Ambassador of Spain to Morocco
- In office June 4, 1994 – June 17, 1997
- Preceded by: Joaquín Ortega Salinas
- Succeeded by: Jorge Dezcallar de Mazarredo

Ambassador of Spain to France
- In office February 20, 1991 – June 4, 1994
- Preceded by: Juan Durán-Loriga Rodrigáñez
- Succeeded by: Máximo Cajal López

Ambassador Head of Mission of Spain to the European Communities
- In office June 12, 1981 – November 28, 1985
- Preceded by: Raimundo Bassols
- Succeeded by: Carlos Westendorp

Ambassador of Spain to Portugal
- In office November 28, 1985 – February 20, 1991
- Preceded by: Ramón Fernández de Soignie
- Succeeded by: José Joaquín Puig de la Bellacasa

Secretary-General for Relations with the European Communities
- In office September 29, 1980 – June 12, 1981
- Preceded by: Matías Rodríguez Inciarte
- Succeeded by: Carlos Westendorp

Personal details
- Born: 5 June 1932 (age 93) Teruel, Spain
- Occupation: Diplomat

= Gabriel Ferrán de Alfaro =

Spanish diplomat (born 1932)

Gabriel Ferrán de Alfaro (born 5 June 1932) is a Spanish diplomat.

== Life and career ==
Ferrán de Alfaro was born in Teruel, Spain, on 5 June 1932. After holding various positions, since 1971 he specialized in european affairs.
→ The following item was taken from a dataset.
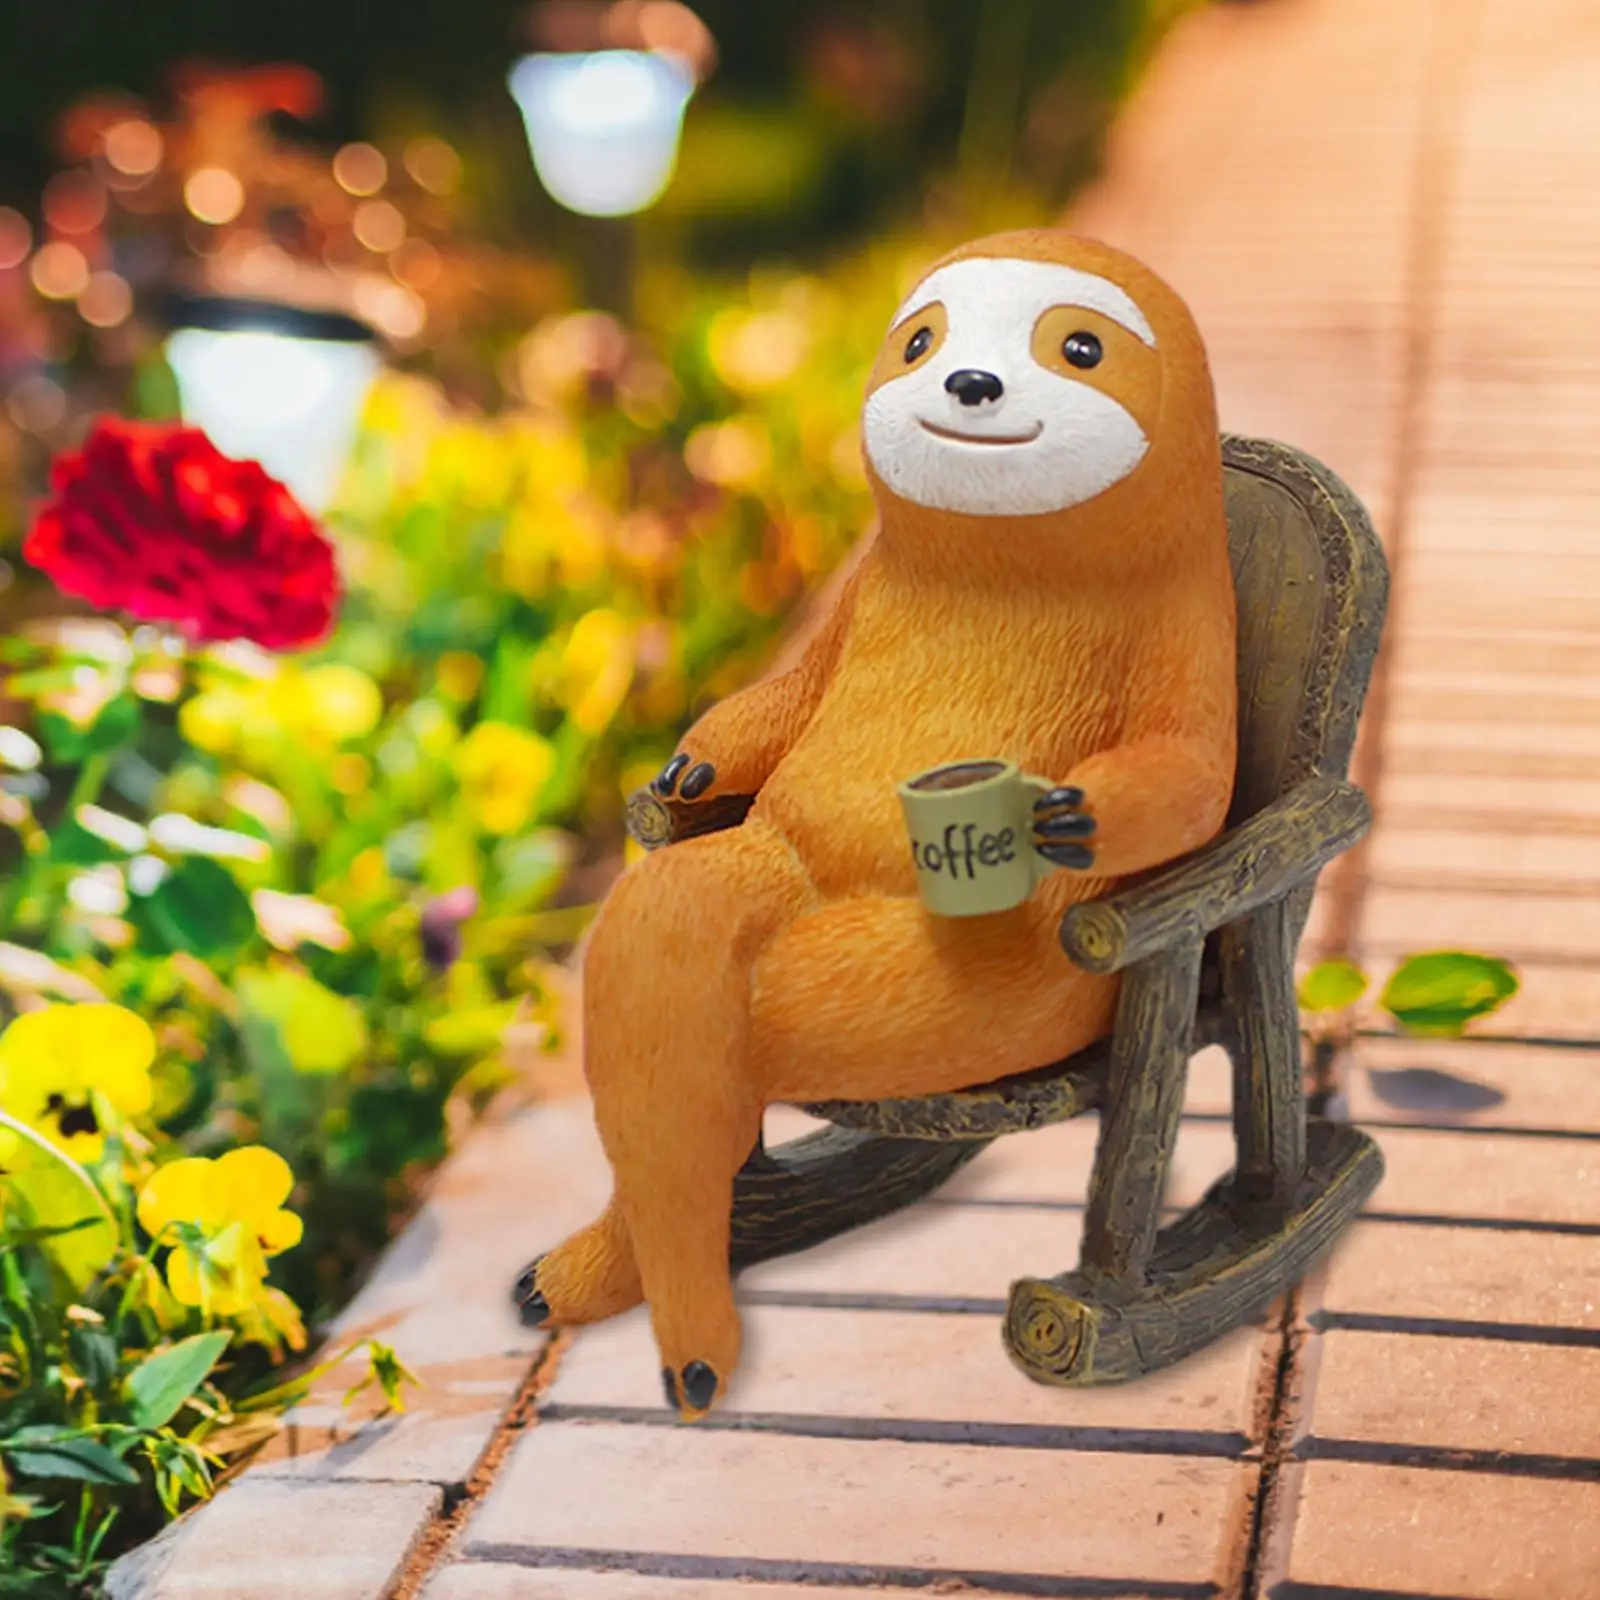 

Resin Rocking Chair Sloth Figurine Art Decorative Sculpture for Yard Tabletopper Outdoor Home Garden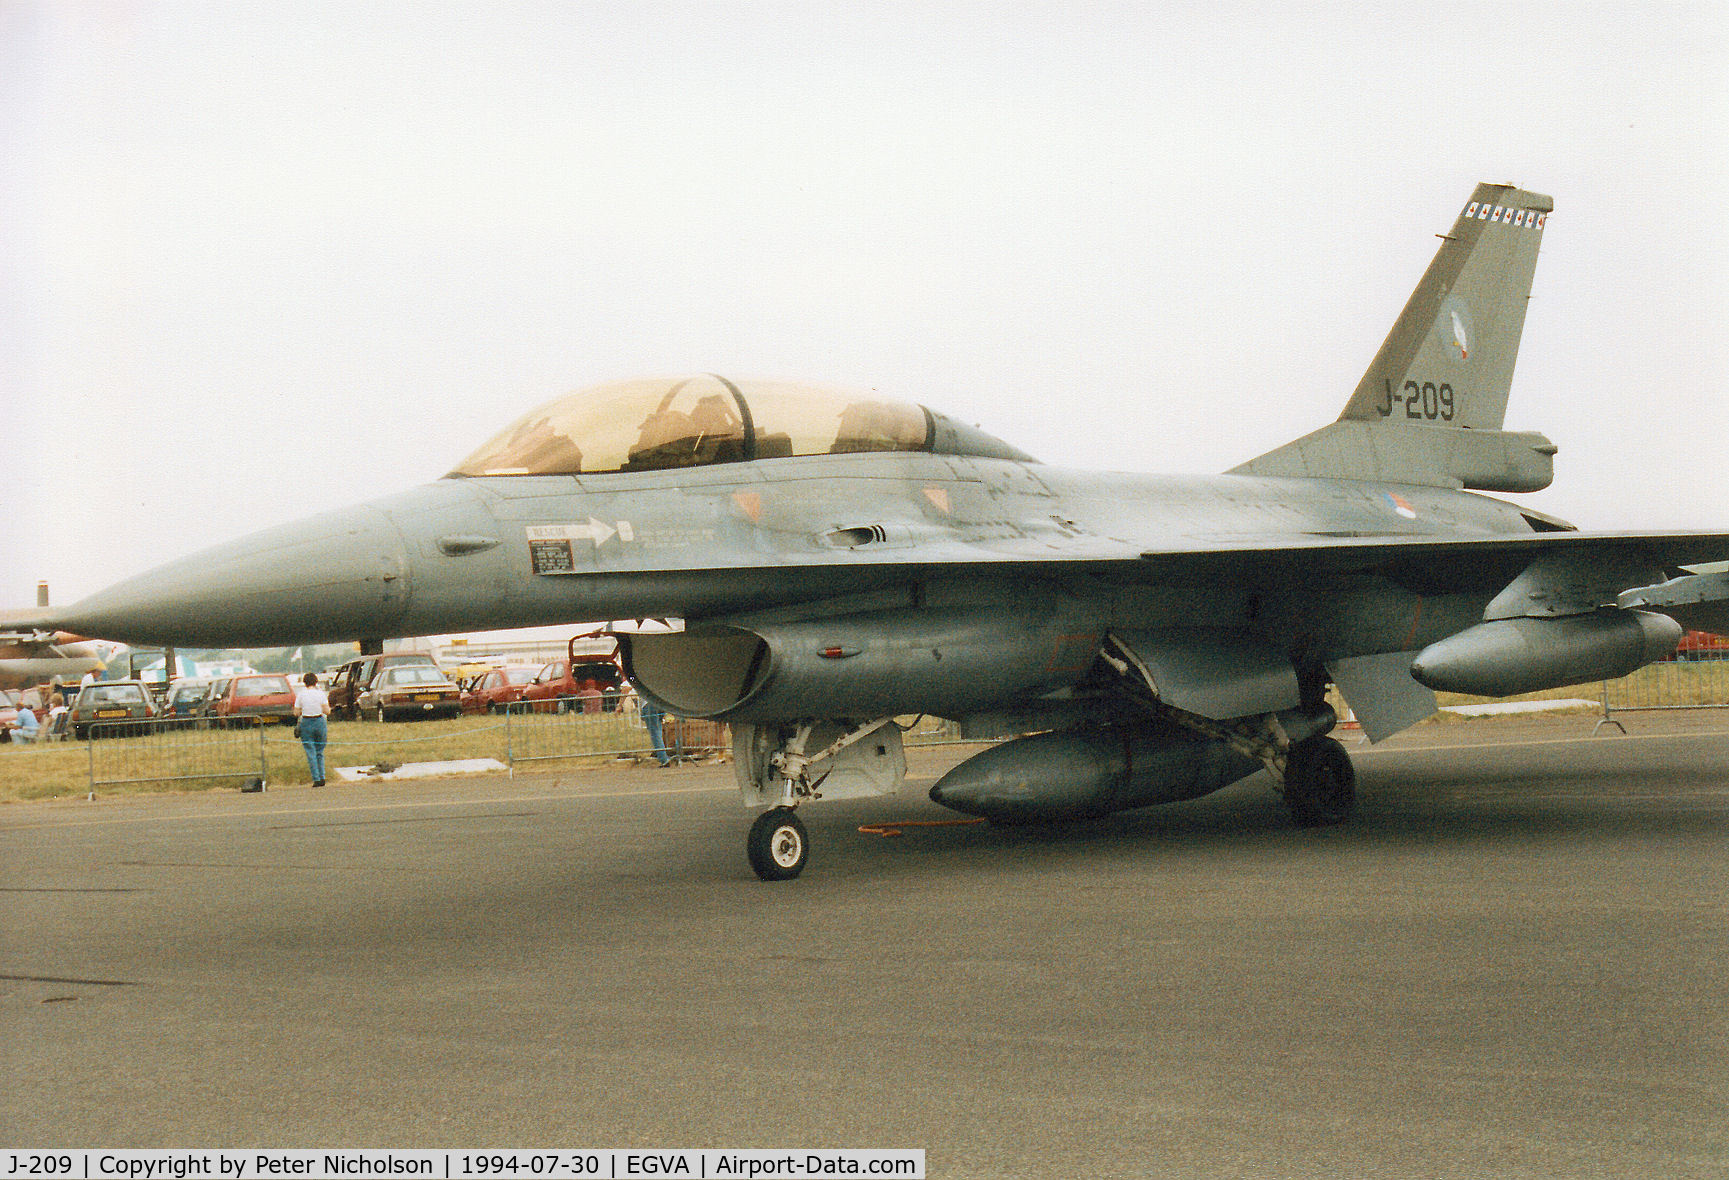 J-209, 1983 General Dynamics F-16BM Fighting Falcon C/N 6E-28, F-16B Falcon, callsign Polly 2, of 322 Squadron of the Royal Netherlands Air Force at Leeuwarden on display at the 1994 Intnl Air Tattoo at RAF Fairford.

During the Spanish transition to democracy, in 1978, Ferrán de Alfaro was appointed Technical Secretary for Relations with the European Communities —with the rank of director-general— and, in 1980, he was promoted to Secretary-General for Relations with the European Communities —with the rank of under-secretary—, both positions within the Ministry of the Presidency.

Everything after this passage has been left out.